EECS Seminar: Towards the Development of Thermal Models for Multifinger Bipolar Transistors

McDonnell Douglas Engineering Auditorium
Anjan Chakravorty, Ph.D.

Department of Electrical Engineering
Indian Institute of Technology Madras

Abstract: High demands for the performance improvements of application specific circuits and systems are mostly met by the ongoing march of semiconductor technology evolution. In order to extract the high level of performance from a given semiconductor footprint, modern high-speed devices, such as silicon germanium heterojunction bipolar transistors (SiGe HBTs), are made to operate under high current densities. Use of aggressive scaling and various isolation technologies inevitably gave rise to an unwanted issue popularly known as electrothermal effect that pulls down the overall performance of the devices. The rise in device temperature due to this 'dirty' byproduct of electrical performance becomes more critical in multifinger transistors being used for power amplifiers that dissipate a significant amount of power as heat within the devices. Simple and accurate equivalent circuit models of such semiconductor devices are required to enable fast and reliable circuit design prior to any actual fabrication.
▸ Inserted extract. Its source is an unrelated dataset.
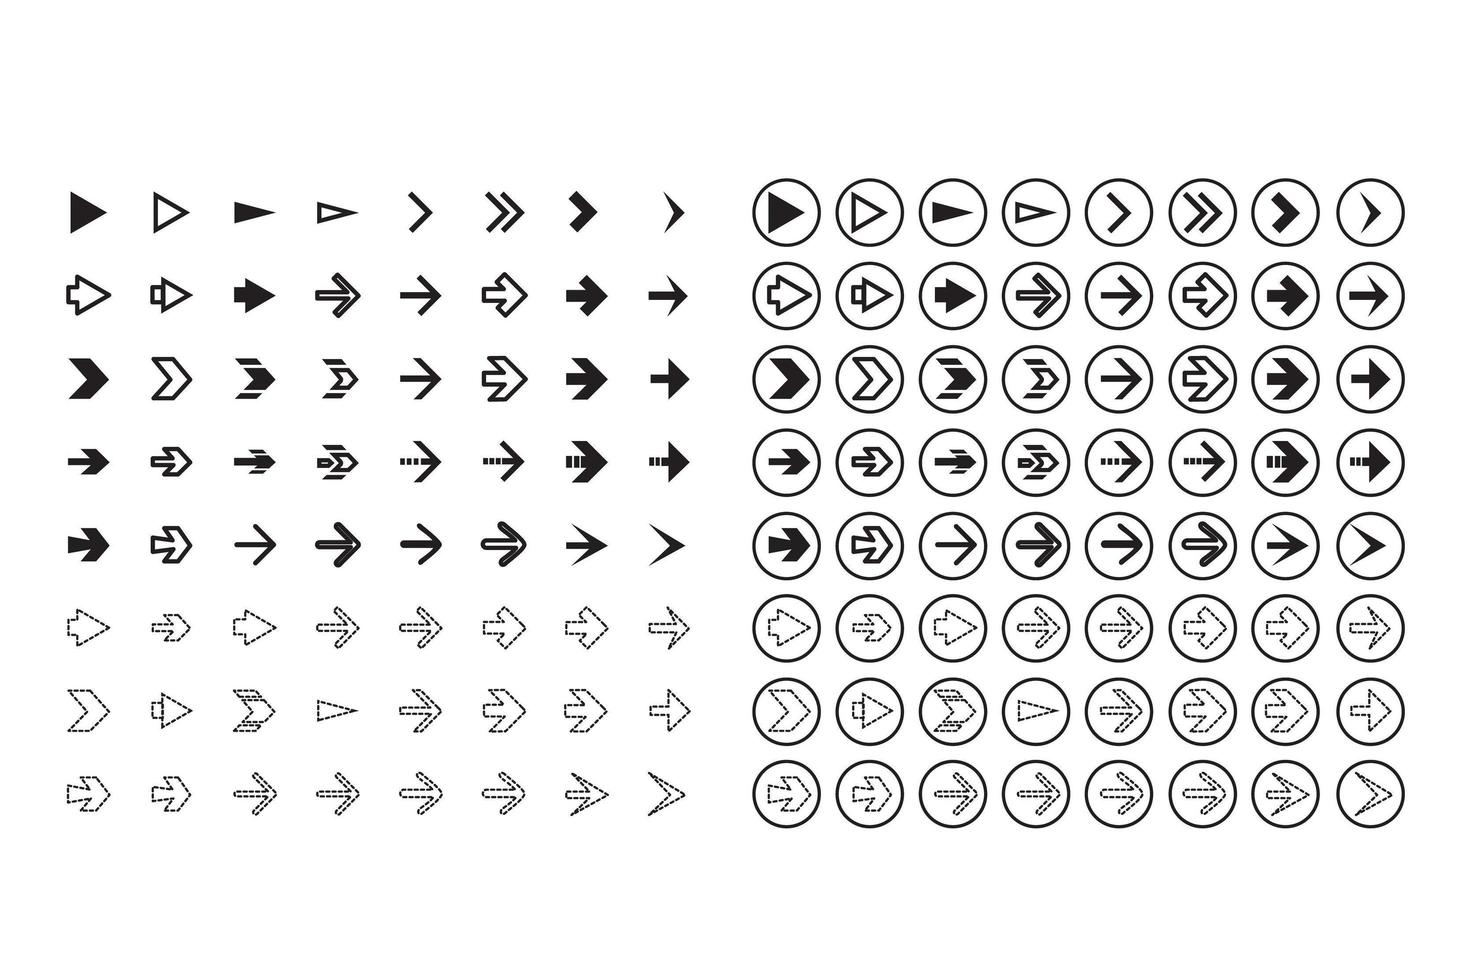 Isolated arrows set, undo and previous buttons vector
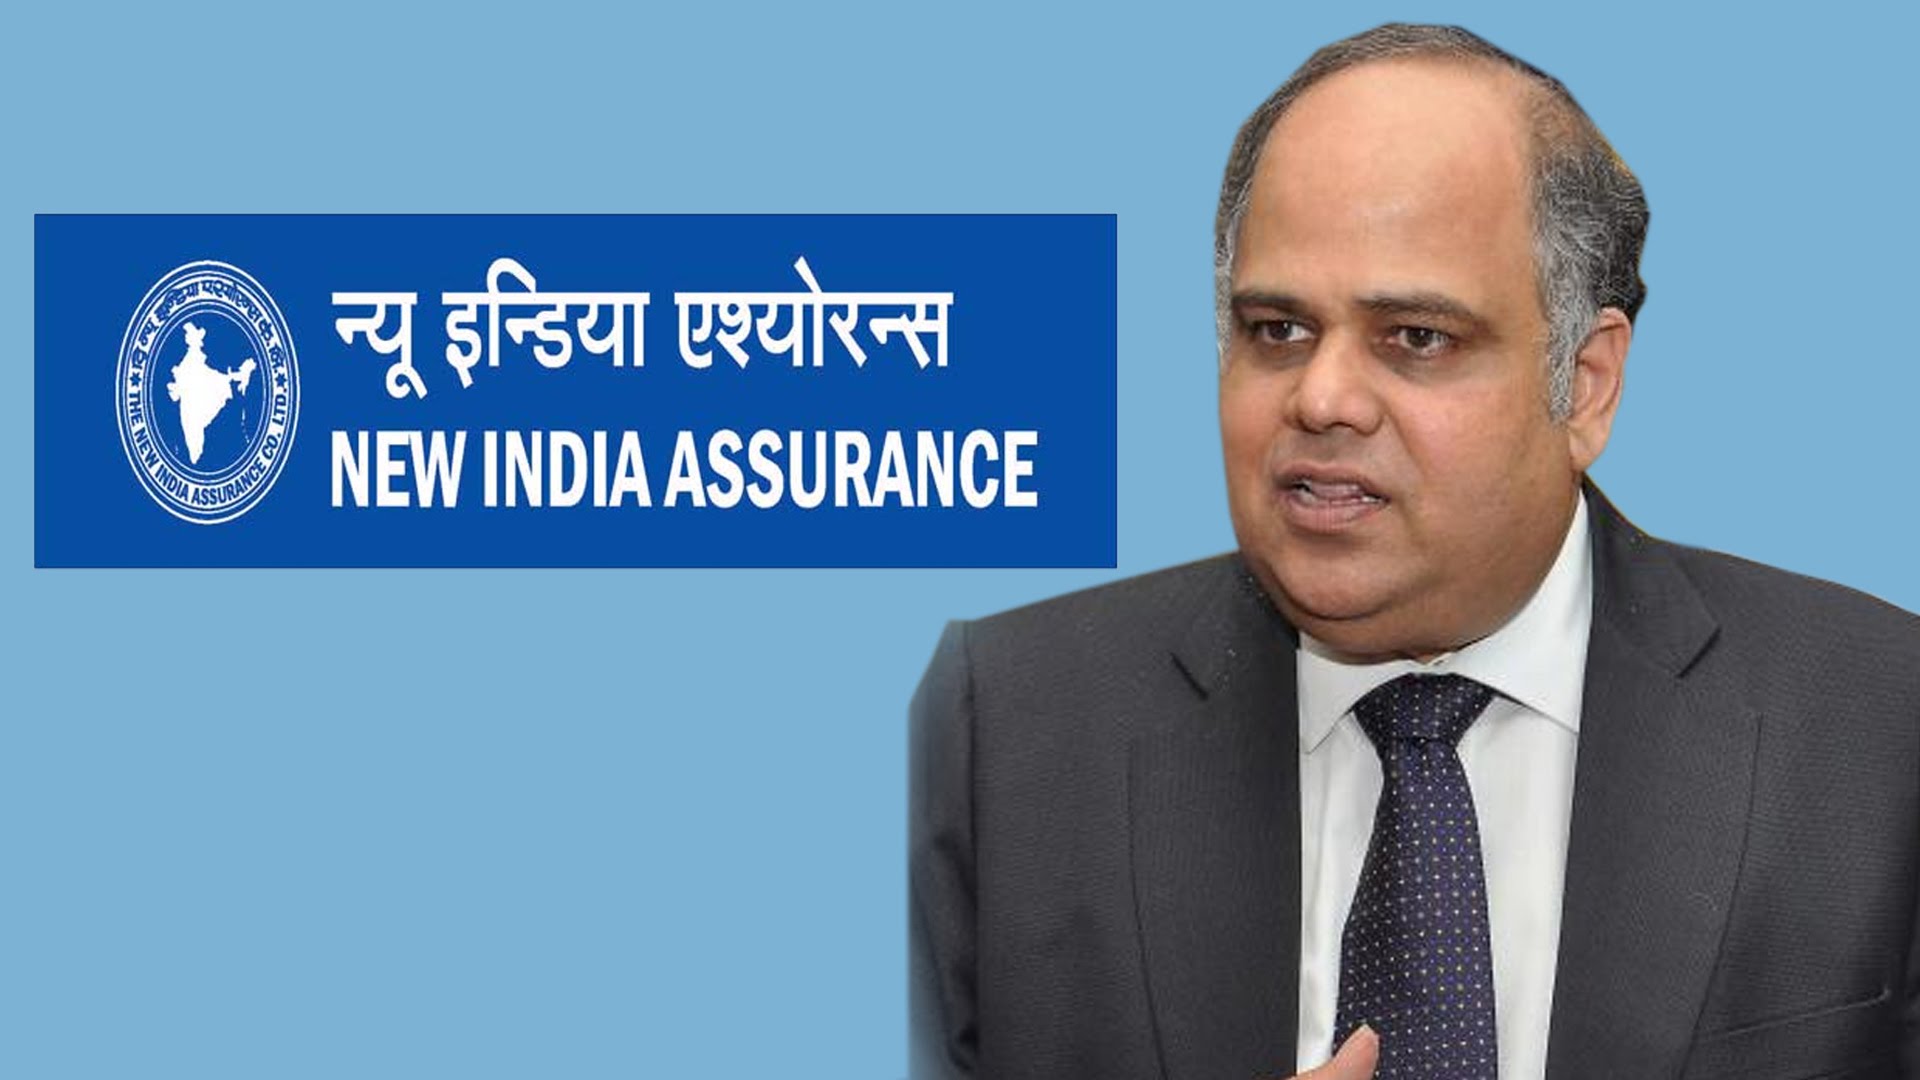 New India Assurance CMD Mr. G. Srinivasan

It is, therefore, imperative to accurately account for the electrothermal effect within the simple equivalent circuit model framework.

This talk will discuss our journey as a thermal model developer for multifinger SiGe HBTs from the perspectives of intuitive model formulations, physical analysis, measurement techniques, parameter extractions, equivalent circuit implementation, verification and more.

Bio: Professor Anjan Chakravorty works in the area of compact modeling of semiconductor devices. His research interests include the modeling of bipolar and field effect transistors such as SiGe-HBTs, LD-MOSFETs, DG-MOSFETs, GaN-HEMTs and design of on-chip inductors. He earned his Ph.D. from IIT Kharagpur, India, in collaboration with IHP Microelectronics, Germany, in 2005 and immediately joined as a postdoctoral researcher at TU Dresden, Germany. In 2007, he joined IIT Madras where he is currently a professor. He co-authored a book and more than one hundred international journal and conference publications. He spent the year 2015 at University of Bordeaux where he was introduced to the interesting area of electrothermal modeling of semiconductor devices. This year he is spending six months at UC Irvine as a Fulbright fellow with a research focus on the investigation of electrothermal effects in carbon nanotube based FETs.